Том 7 — страница 62 из 149

– Матушка, матушка! – нежным, но сиплым голосом говорил, уже входя в кабинет, Опенкин. – Зачем сей быстроногий поверг меня в печаль и страх! Дай ручку, другую! Марфа Васильевна! Рахиль прекрасная, ручку, ручку…

– Полно, Аким Акимыч, не тронь ее! Садись, садись – ну, будет тебе! Что, устал – не хочешь ли кофе?

– Давно не видал тебя, наше красное солнышко: в тоску впал! – говорил Опенкин, вытирая клетчатым бумажным платком лоб. – Шел, шел – и зной палит, и от жажды и голода изнемог, а тут вдруг – «за Волгу уехала!» Испужался, матушка, ей-богу, испужался: экой какой, – набросился он на Викентьева, – невесту тебе за это рябую! Красавица вы, птичка садовая, бабочка цветная! – обратился он опять к Марфиньке, – изгоните вы его с ясных глаз долой, злодея безжалостного – ох, ох, Господи, Господи! Что, матушка, за кофе: не к роже мне! А вот если б ангел сей небесный из сахарной ручки удостоил поднести…

– Водки? – живо перебил Викентьев.

– Водки! – передразнил Опенкин, – с месяц ее не видал, забыл, чем пахнет. Ей-богу, матушка! – обратился он к бабушке, – вчера у Горошкина насильно заставляли: бросил всё, без шапки ушел!

– Чего же хочешь, Аким Акимыч?

– Вот если б из ангельских ручек мадерцы рюмочку-другую…
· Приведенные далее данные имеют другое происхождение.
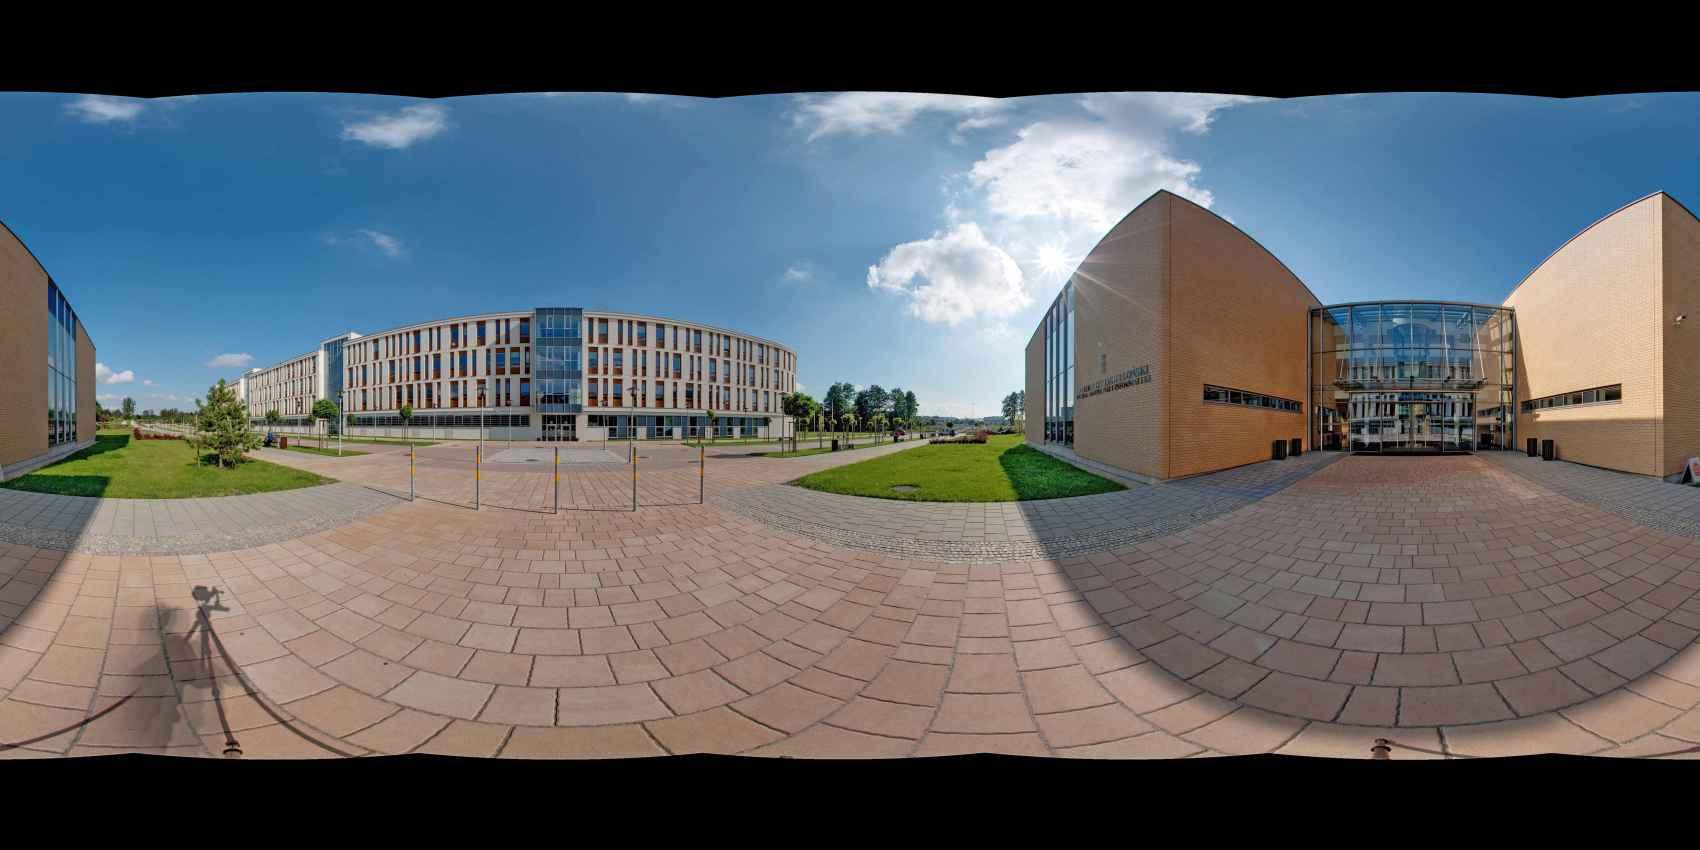 Prezentacja panoramiczna dla obiektu temp_UJ_Aga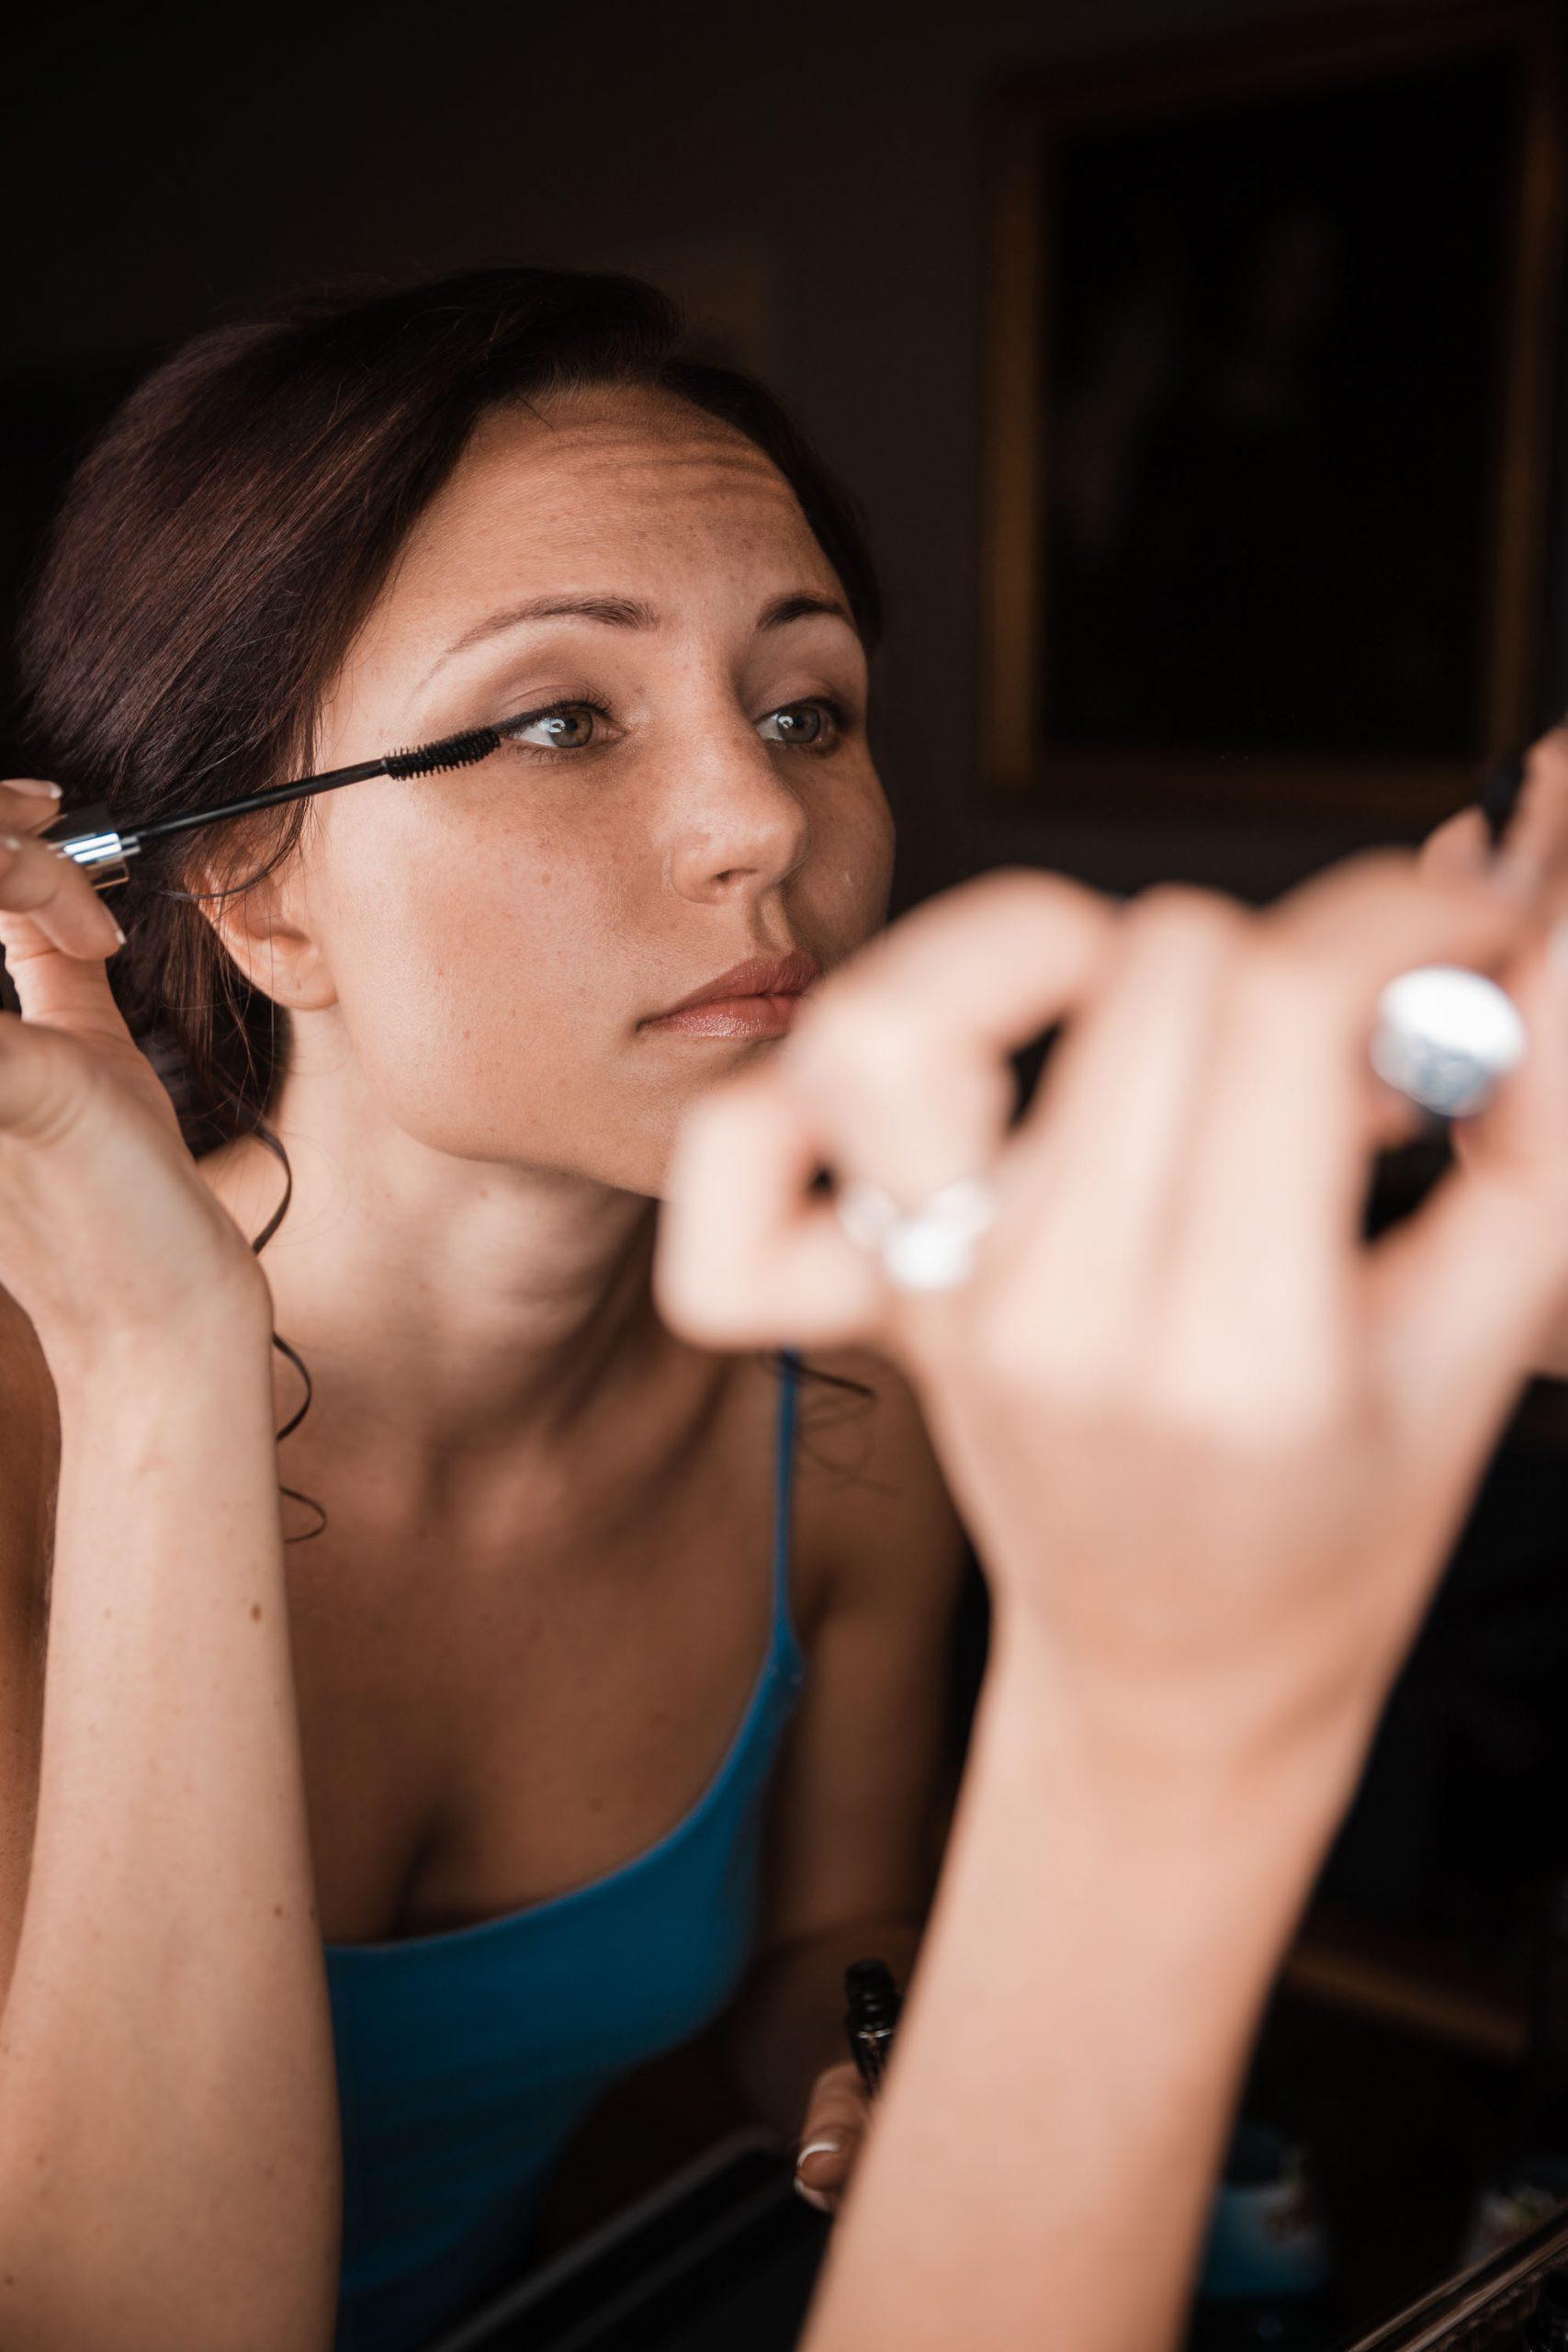 Hochzeitsfoto einer Braut beim Getting dressed. Braut legt selbst Hand an und tuscht ihre Wimpern. Natürliches Hochzeitsfoto vom Hochzeitstag.

– Вели, Марфинька, подать: там вчера только что почали бутылку от итальянца…

– Нет, нет, постой, ангел, не улетай! – остановил он Марфиньку, когда та направилась было к двери, – не надо от итальянца, не в коня корм! не проймет, не

321

почувствую: что мадера от итальянца, что вода – всё одно! Она десять рублей стоит: не к роже! Удостой, матушка, от Ватрухина, от Ватрухина – в два с полтиной медью!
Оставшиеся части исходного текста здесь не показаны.